Schizopolis (1996; Steven Soderbergh)
By Daniel Barnes
Although nearly forgotten in the Soderbergh oeuvre, the playfully piercing absurdist comedy Schizopolis is his most personal and original work. Intensely aware of and yet utterly freed from cinematic conventions of storytelling and style, Schizopolis is like the product of Luis Bunuel and Richard Lester collaborating on a Tex Avery cartoon adapted from a Franz Kafka novel.
It instantly became my favorite Soderbergh, in part because the cerebral prankster spirit of Schizopolis is in direct opposition to the antiseptic emptiness of so much of Soderbergh’s latter-day works. Films like Contagion and Haywire and Side Effects strip away the trappings of genre to their barest spines, but Soderbergh rarely attempts to refill that void. Made on a shoestring, Schizopolis has more lusty invention, droll self-analysis, and outlandish humor than his entire 21st-century output stacked end to end.
“A Manic, Anything-Goes Energy”
Barely released in 1996, Schizopolis is intensely aware of itself from the first moment, when Soderbergh calls “action” and then steps in front of the camera to declare this film “the most important motion picture” ever made. Soderbergh also stars as Fletcher Munson. He’s an office drone tabbed as an official speechwriter for the prophet of Eventualism, a Scientology-esque cult whose leader also looks a lot like Soderbergh.

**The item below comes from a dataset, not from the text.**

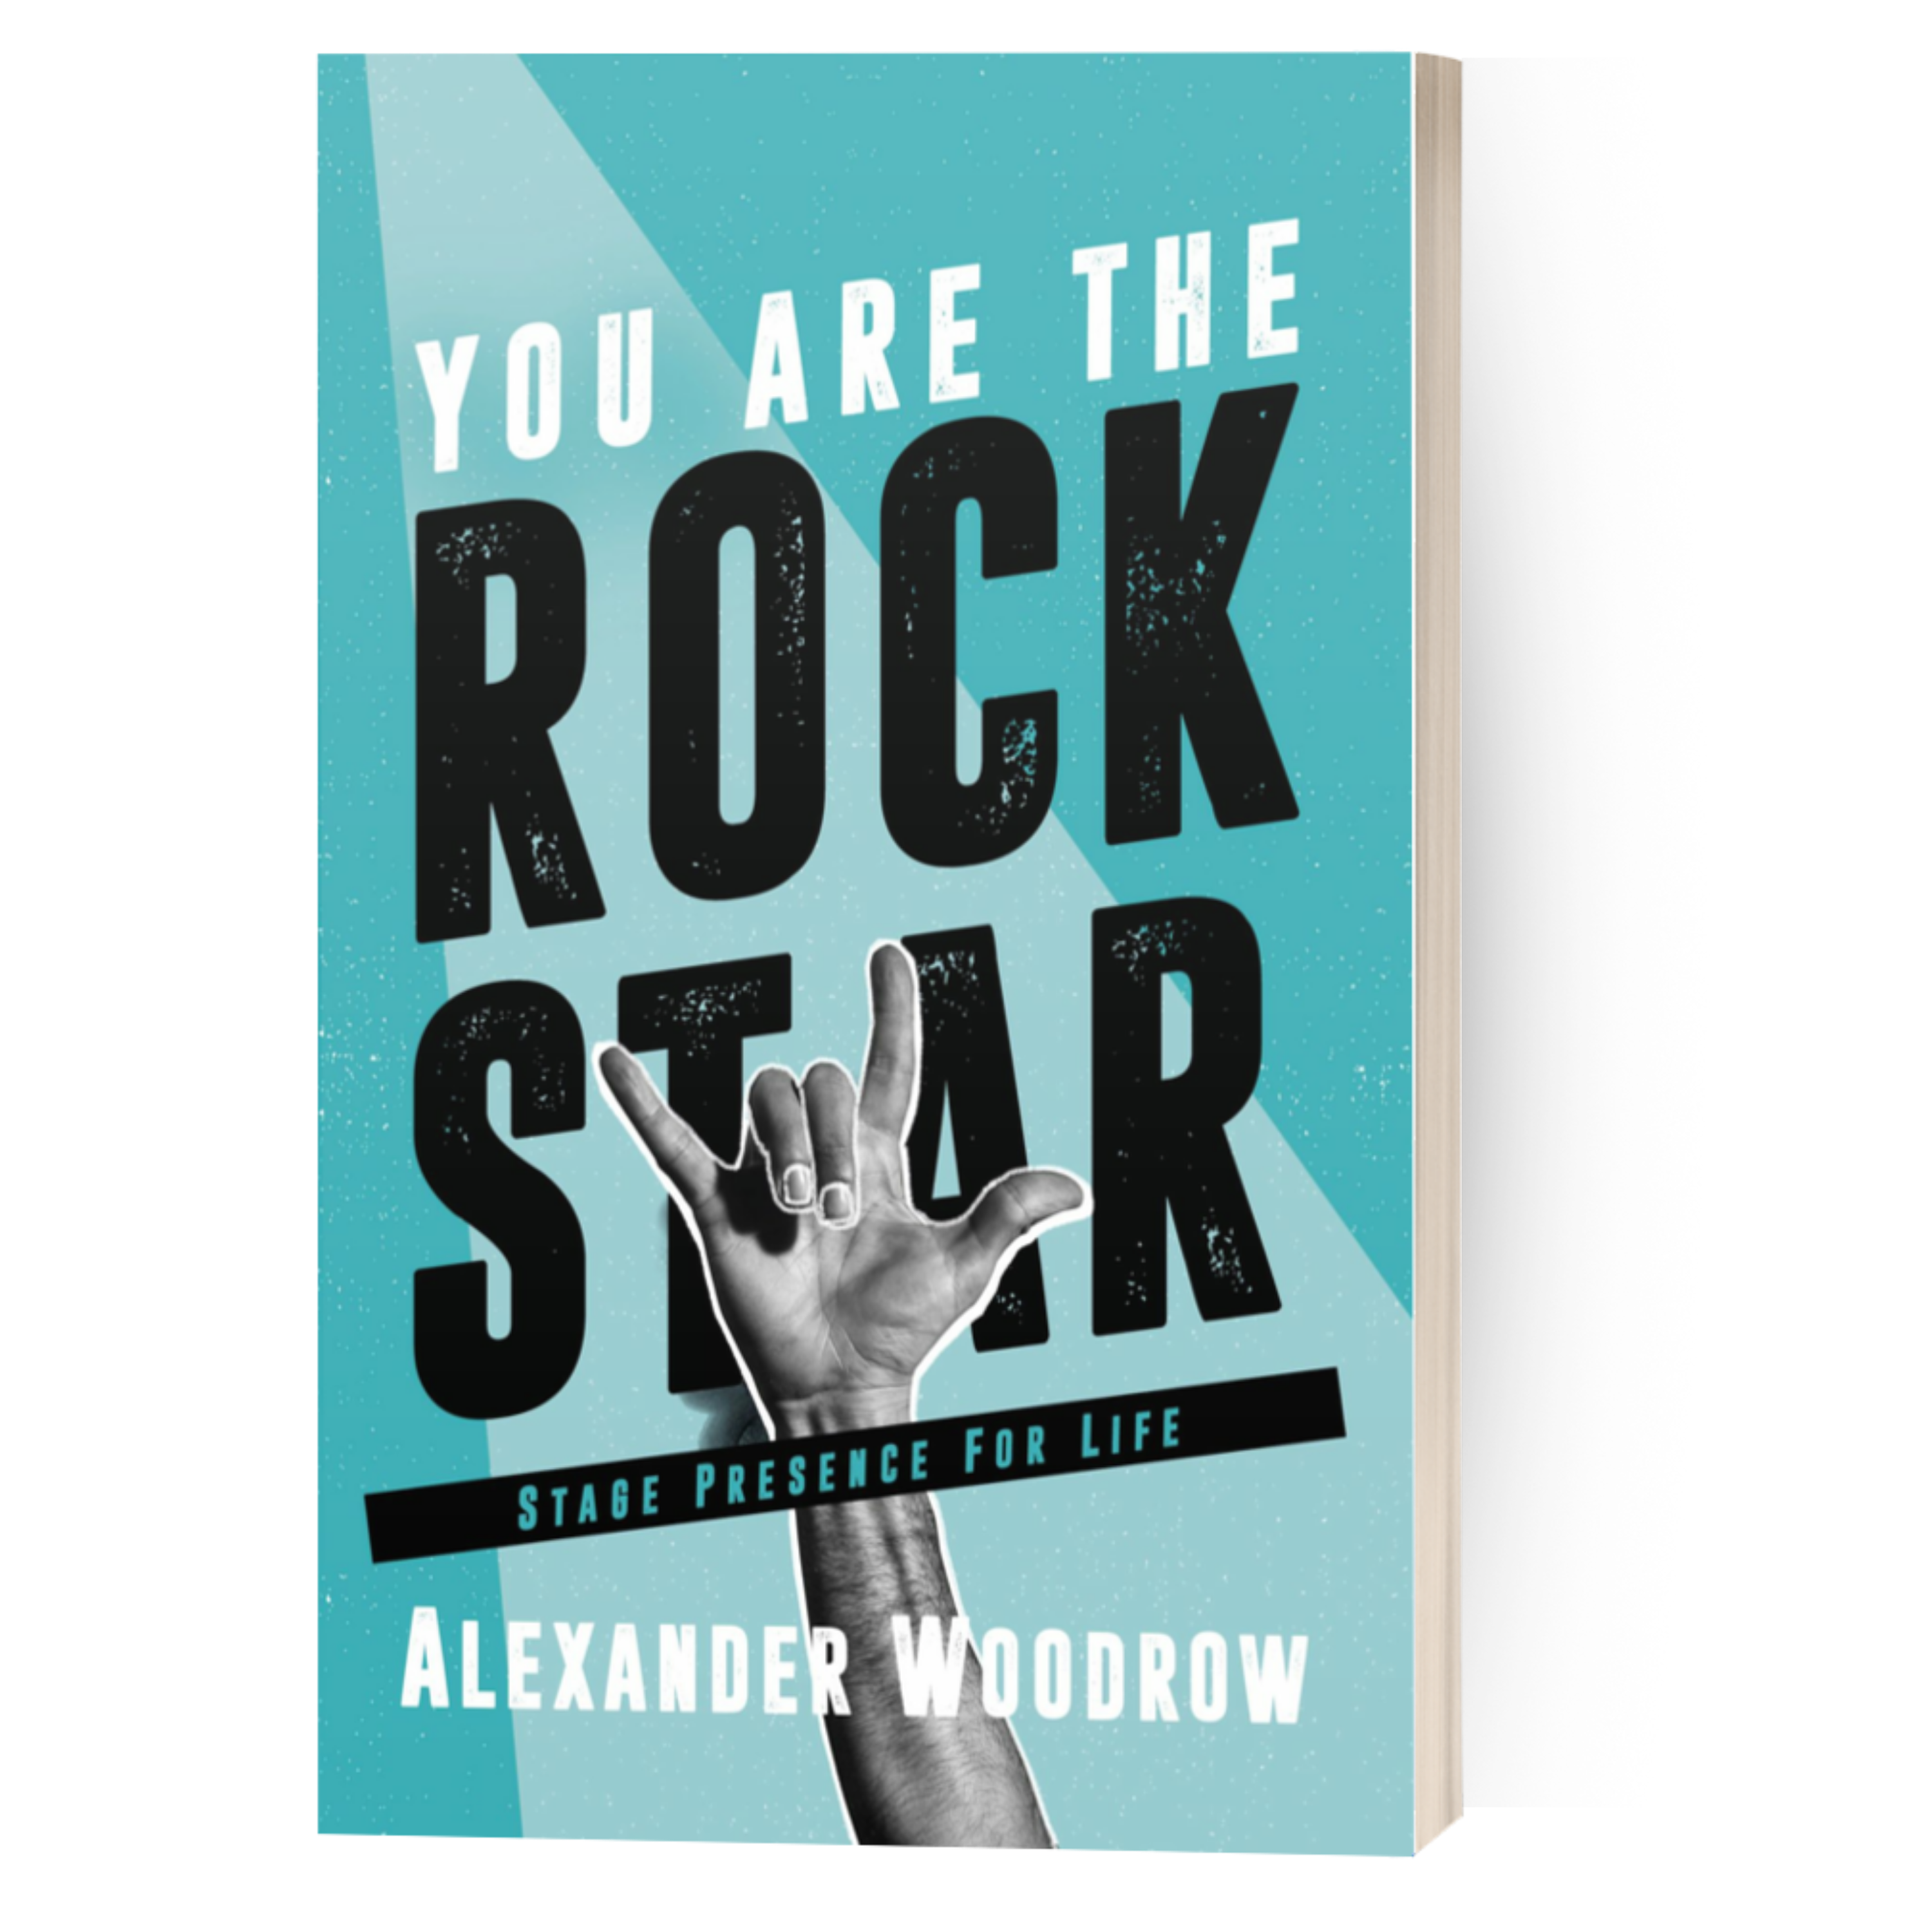 You are the rock star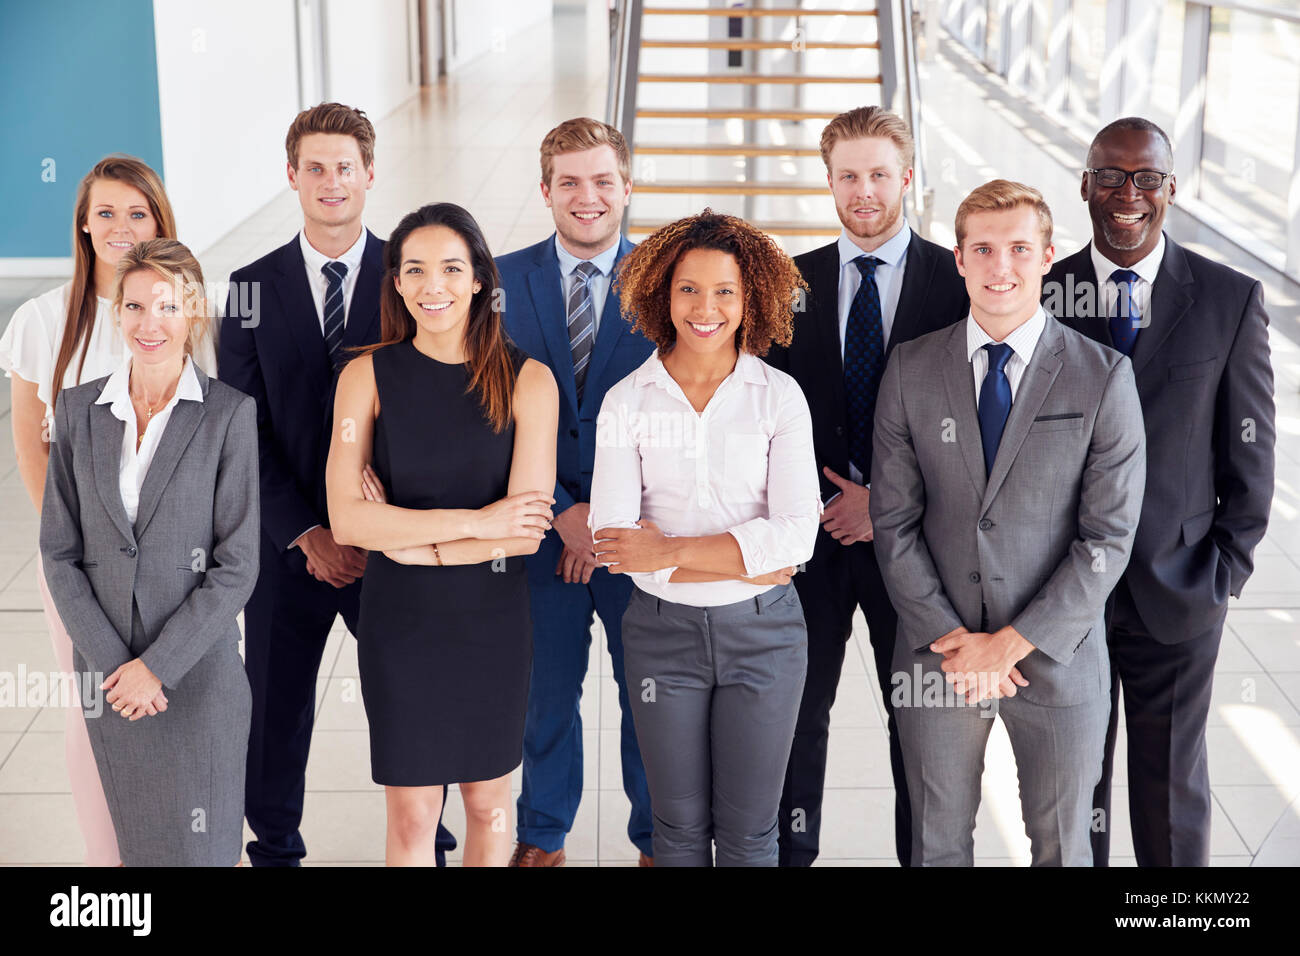 Office workers in a modern lobby, group portrait Stock Photo

These early scenes are spry and nonsensical, and Soderbergh the director drops in cartoon sound effects, sly cinematic in-jokes (the camera struggles to find the right passing automobile; characters speak in stage direction), and silly, self-indulgent asides. Diegesis gets chucked out the window. The film’s title appears on the shirt of an otherwise naked man; a tree bears the sign “Idea Missing”; functional supporting characters bear names like Attractive Woman #2 and Nameless Numberhead Man. There is a manic, anything-goes energy to Schizopolis, but the film is never ashamed of its intelligence, and as such it has the feel of early Woody Allen.
Schizopolis is above all about craziness, both in form and content. It’s about the insanity of relationships, of commingling art and commerce, and especially of filmmaking. Soderbergh made this movie at one of the bleakest moments in his life and career, and Schizopolis offers only two possible outcomes for artistic ambition – masturbating by yourself in a bathroom stall (the indie world) and rejecting your sense of self-identity (making Ocean’s 13). In their similar urges to deny their ambitions to achieve success, there are a lot of similarities between Fletcher Munson and the Sandro character played by Gabriele Ferzetti in L’Avventura.
And there is so much more to unpack. A profound examination of sexual dissatisfaction and psychotic perception. A series of second-half twists involving entering other consciousnesses that predate Being John Malkovich by several years. Not to mention a deranged and surprisingly poignant take on the fallacy of language, culminating in characters replaying cheeky earlier scenes in a diversity of foreign tongues, and finally making sense.
Lest I give the impression that Schizopolis is not only insane but insanely funny, I should mention that it also offers one of the greatest farewell speeches in film history. It gets delivered as a tender farewell to an ex-lover: “There was a time when I felt like an old rag with a stain you couldn’t get out, and you… you were like a piece of rotting fruit on a window sill. And it was great.”
That sums up this unique, shaggy dog masterpiece. Schizopolis is a lot like a piece of rotting fruit, and it’s great.